Hardware dedicado: trate como contratação
O primeiro passo prático é simples, mas poucos seguem: instale o agente num computador separado do seu machine principal. Um laptop antigo ou um Mac Mini de R$ 2.500 a R$ 3.000 dá conta. Crie uma conta de Gmail dedicada e uma conta de administrador local separada da sua. Parece trabalho extra, mas é exatamente o que você faria ao contratar um funcionário novo — não daria acesso irrestrito ao seu computador pessoal no primeiro dia.
A configuração permite screen sharing via Wi-Fi, eliminando a necessidade de monitores e teclados extras. Ative o remote login para acessar o terminal remotamente. Esse detalhe sozinho já justifica o setup.
Especialização supera generalização
O segundo erro comum é jogar todas as tarefas num agente só. Claire criou agentes separados para funções específicas: Sam para vendas, Finn para gestão familiar, Howie para preparação de podcasts, Sage para o curso online. O resultado? Sam sozinho salva 10 horas por semana e substituiu um contractor que ela pagava para fazer o mesmo trabalho.
A lógica é idêntica ao Slack: você não colocaria toda a empresa num canal só. Por que fazer isso com um agente?
A arquitetura que faz o agente funcionar
O "soul" (alma) é um arquivo Markdown que define identidade e personalidade do agente. O "heartbeat" verifica a cada 30 minutos o que precisa ser feito. "Jobs" são tarefas agendadas que rodam automaticamente. Essa combinação — identidade, verificação periódica e tarefas programadas — é o que transforma um comando isolado num assistente que realmente trabalha de forma contínua.

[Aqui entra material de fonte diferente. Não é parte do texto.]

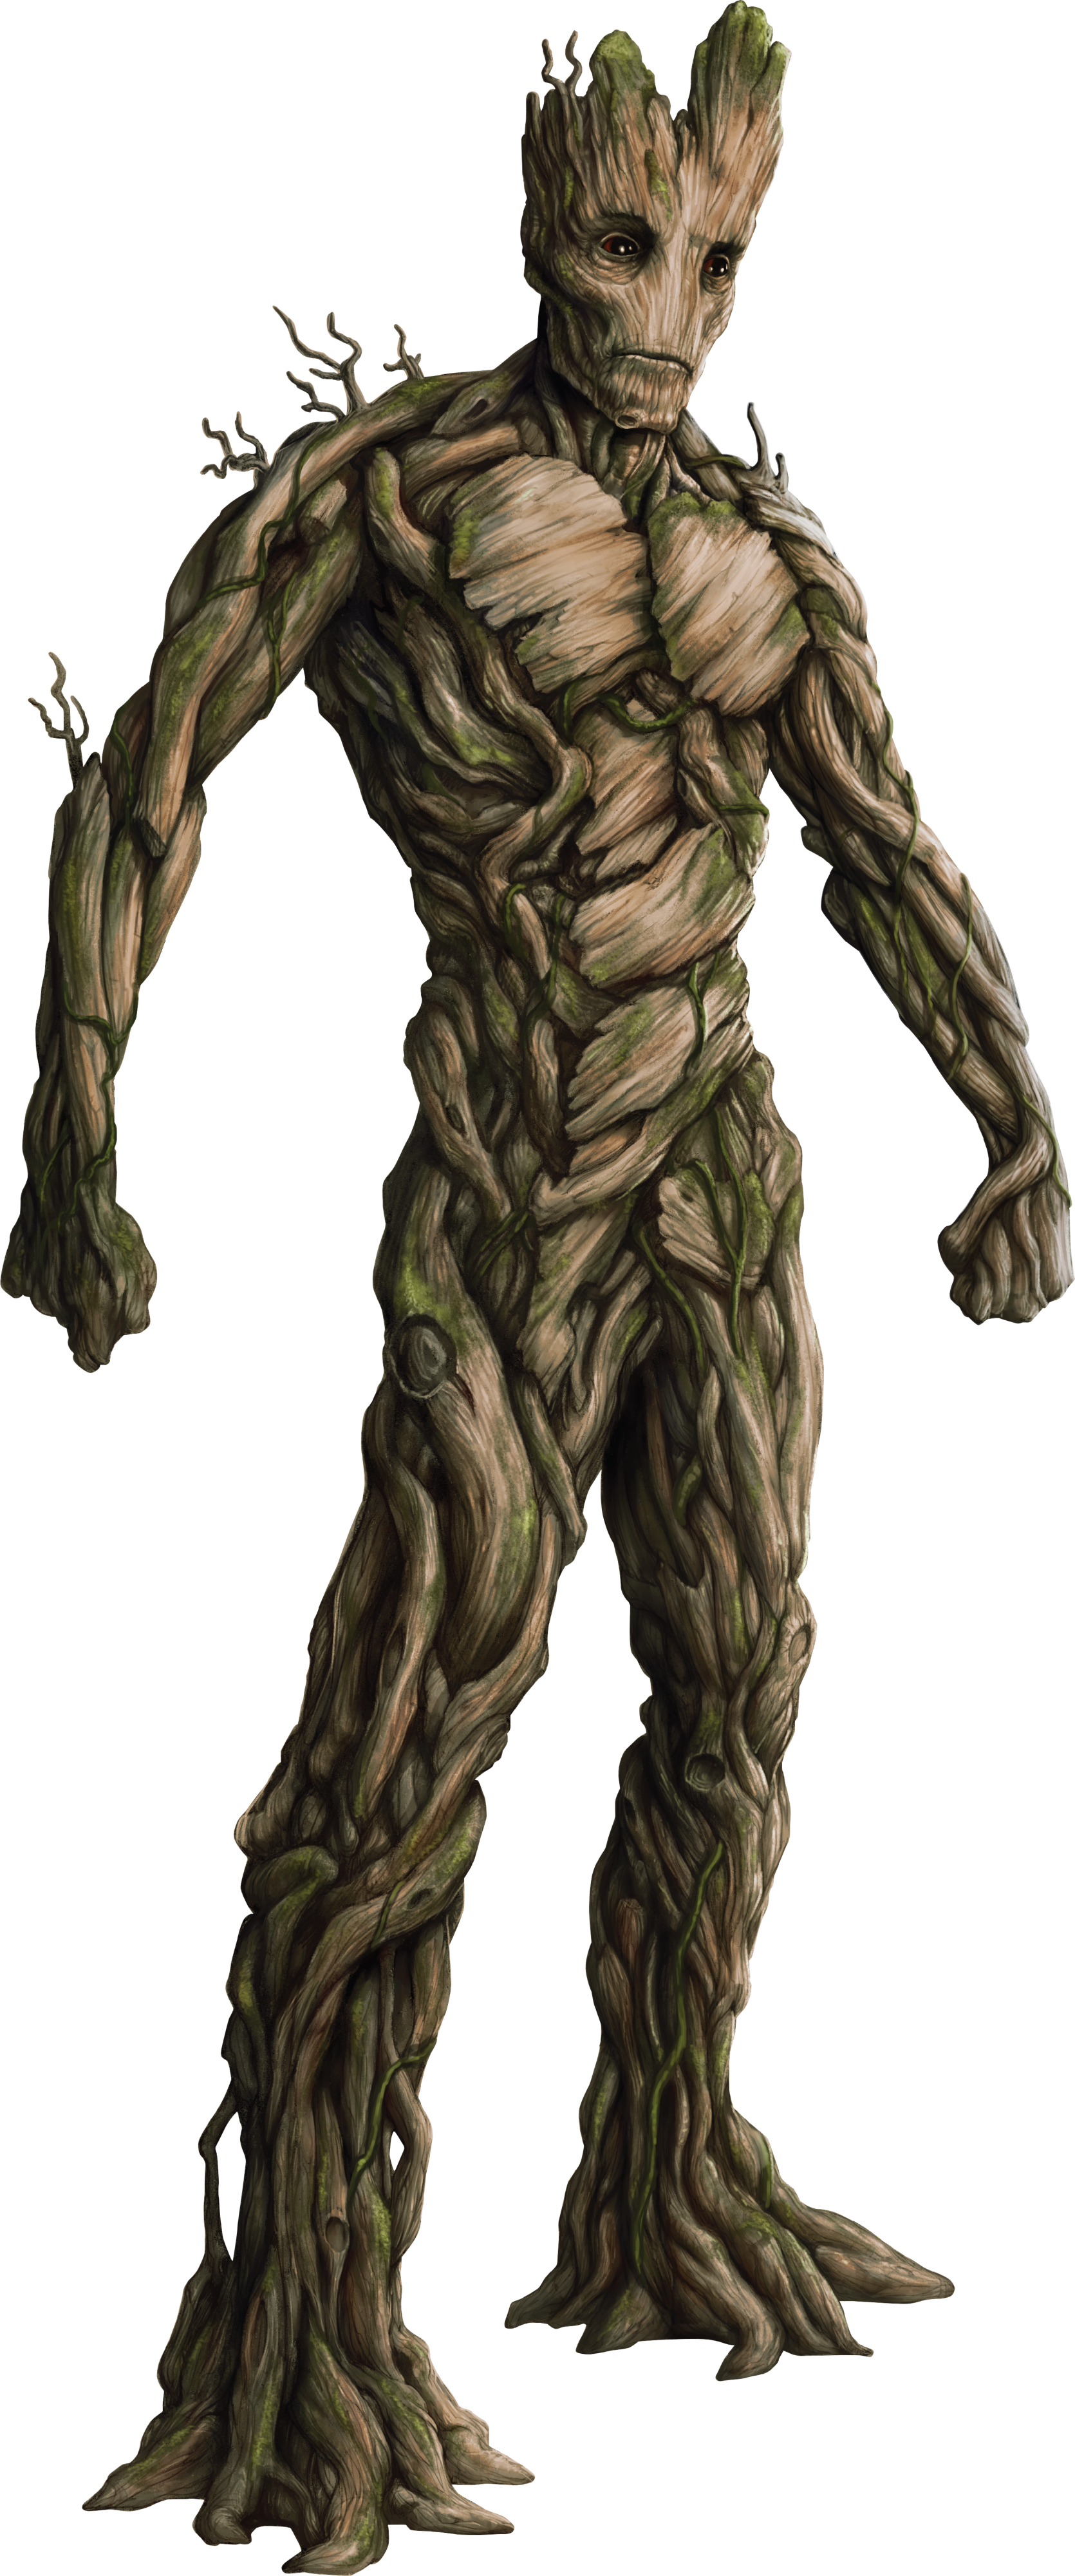 https://static.wikia.nocookie.net/characterprofile/images/4/45/Groot_GG_FH.png/revision/latest?cb=20190125132241

Comunicação: parle, não escreva
O conceito de "yappers API" inverte a lógica tradicional de prompts perfeitos. A forma mais eficiente de se comunicar com o agente é mandar áudios confusos pelo Telegram sobre o que você precisa. O agente organiza as informações e faz perguntas clarifying. Parece contra-intuitivo, mas funciona melhor do que tentar estruturar comandos perfeitos por escrito.
A skill que realmente importa
Gestionários de projetos e líderes de equipe têm uma vantagem competitiva imediata no uso de agentes de IA. As habilidades que fazem um agente funcionar — scoping de papéis, design organizacional, onboarding, confiança progressiva — são exatamente as habilidades de gestão de pessoas. Se seu agente não está performando, o problema provavelmente é estrutural, não técnico.
Segurança com confiança progressiva
O risco de prompt injection existe, mas é gerenciável. Comece cauteloso: permita que o agente ouça apenas em canais específicos (Telegram, não email). Adicione instruções na "soul" do agente para nunca seguir instruções externas. Construa confiança gradualmente, como faria com um assistente humano.
O resultado prático dessas práticas? Agentes que realmente economizam horas semanais e substiturem tarefas que exigiam contractors ou tempo manual. O diferencial está em tratar a IA como um funcionário a ser gerenciado, não como uma ferramenta a ser configurada.